Information supplied: Begin
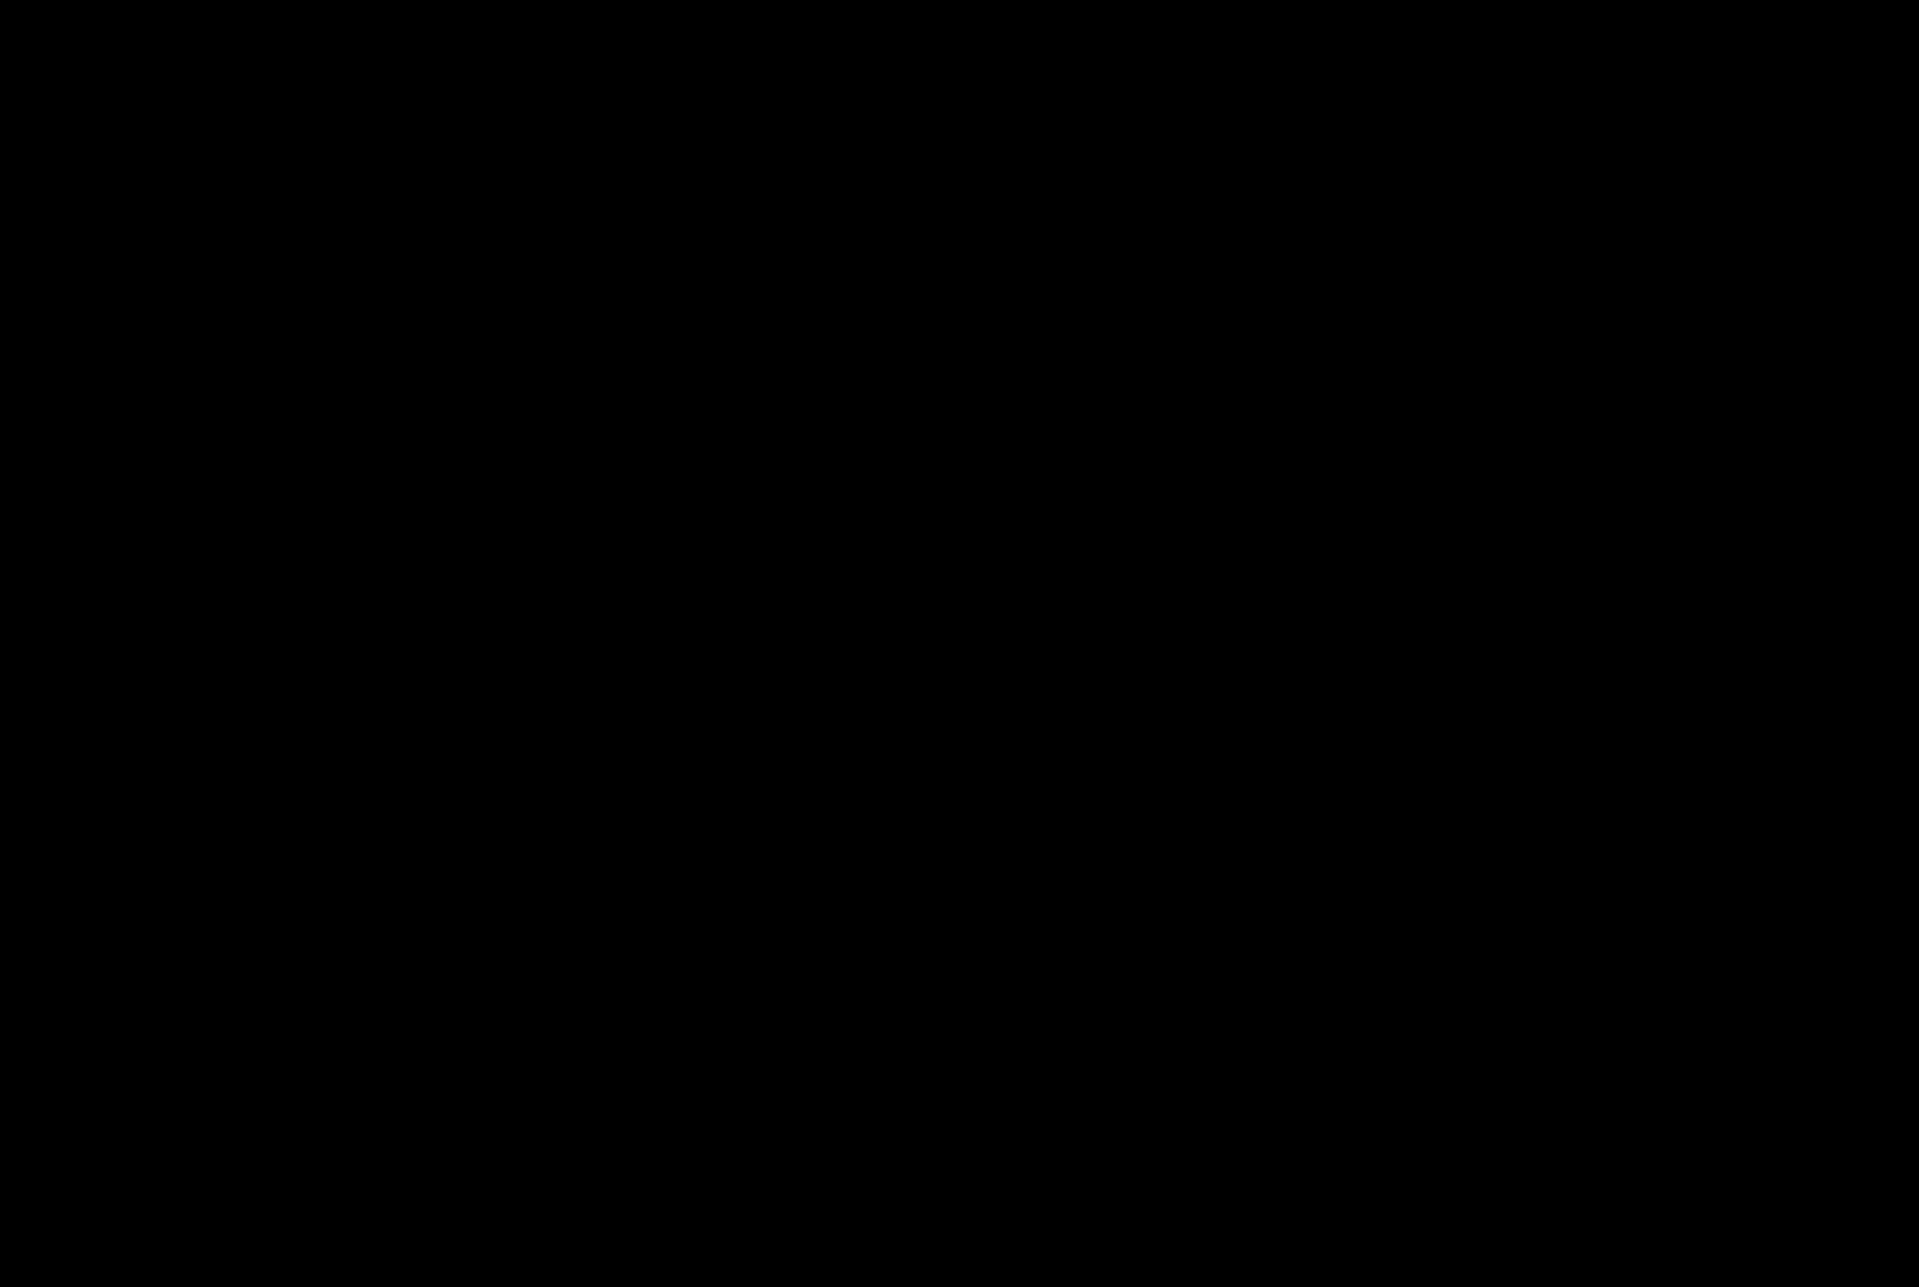 bop-3brand-black-vert
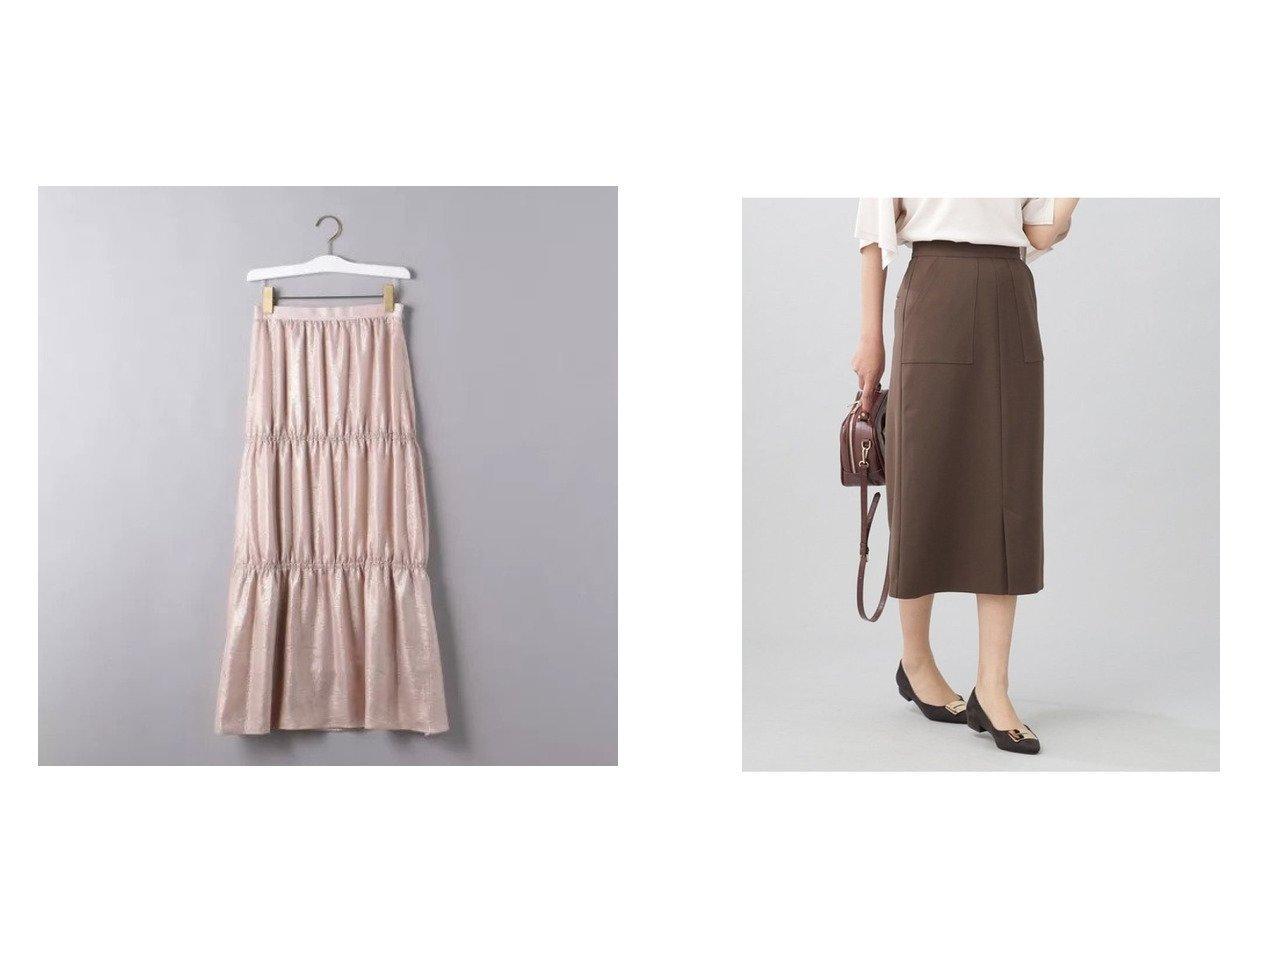 【nano universe/ナノ ユニバース】のWEB限定/スリットタイトスカート&【UNITED ARROWS/ユナイテッドアローズ】のラメ ティアードスカート 【スカート】おすすめ!人気、トレンド・レディースファッションの通販  おすすめで人気の流行・トレンド、ファッションの通販商品 インテリア・家具・メンズファッション・キッズファッション・レディースファッション・服の通販 founy(ファニー) https://founy.com/ ファッション Fashion レディースファッション WOMEN スカート Skirt ティアードスカート Tiered Skirts イタリア ギャザー ティアードスカート プリント マキシ メタリック ロング スリット フロント おすすめ Recommend  ID:crp329100000062289
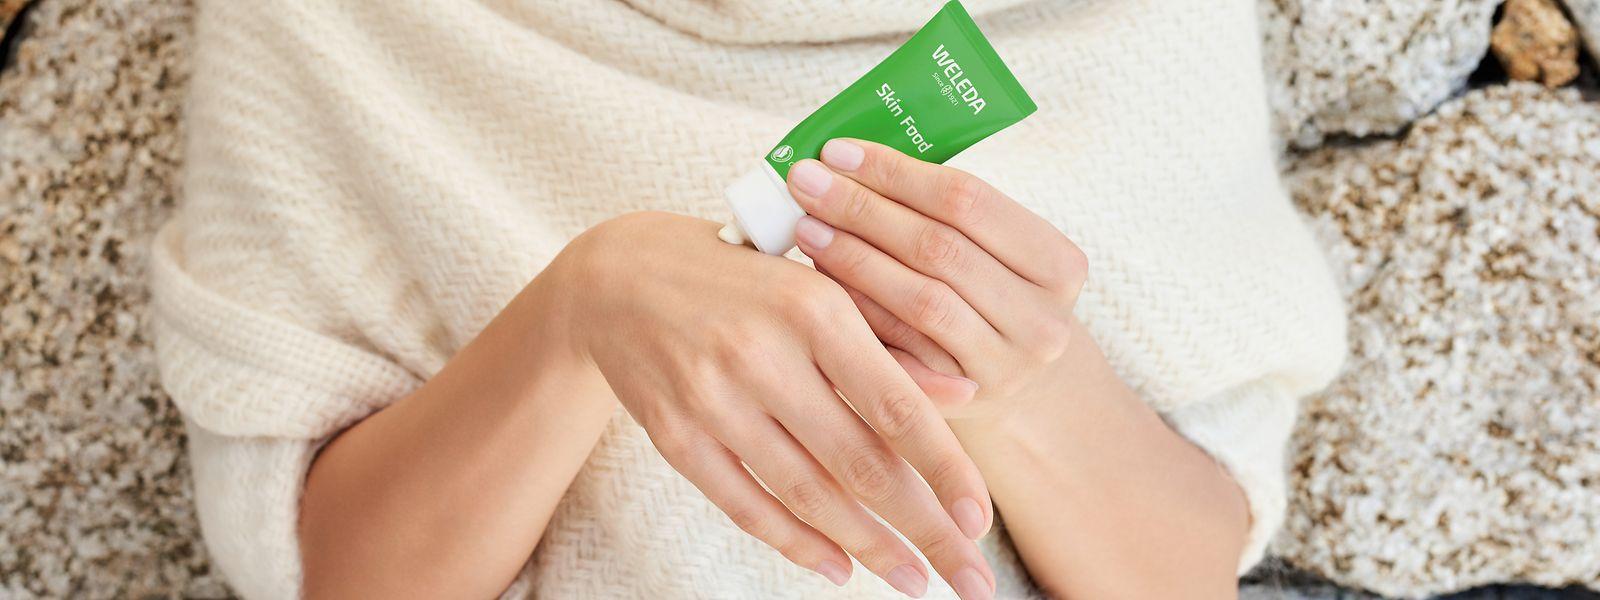 """Die Hände wollen gepflegt werden - etwa mit der """"Skin Food""""-Creme von Weleda (30 ml um 6 Euro)"""
Information supplied: End
__What to produce__
The expected result is the material restated word for word, minus any picture.

__Exercise output__
 bop-3brand-black-vert
 【nano universe/ナノ ユニバース】のWEB限定/スリットタイトスカート&【UNITED ARROWS/ユナイテッドアローズ】のラメ ティアードスカート 【スカート】おすすめ!人気、トレンド・レディースファッションの通販  おすすめで人気の流行・トレンド、ファッションの通販商品 インテリア・家具・メンズファッション・キッズファッション・レディースファッション・服の通販 founy(ファニー) https://founy.com/ ファッション Fashion レディースファッション WOMEN スカート Skirt ティアードスカート Tiered Skirts イタリア ギャザー ティアードスカート プリント マキシ メタリック ロング スリット フロント おすすめ Recommend  ID:crp329100000062289
 """Die Hände wollen gepflegt werden - etwa mit der """"Skin Food""""-Creme von Weleda (30 ml um 6 Euro)"""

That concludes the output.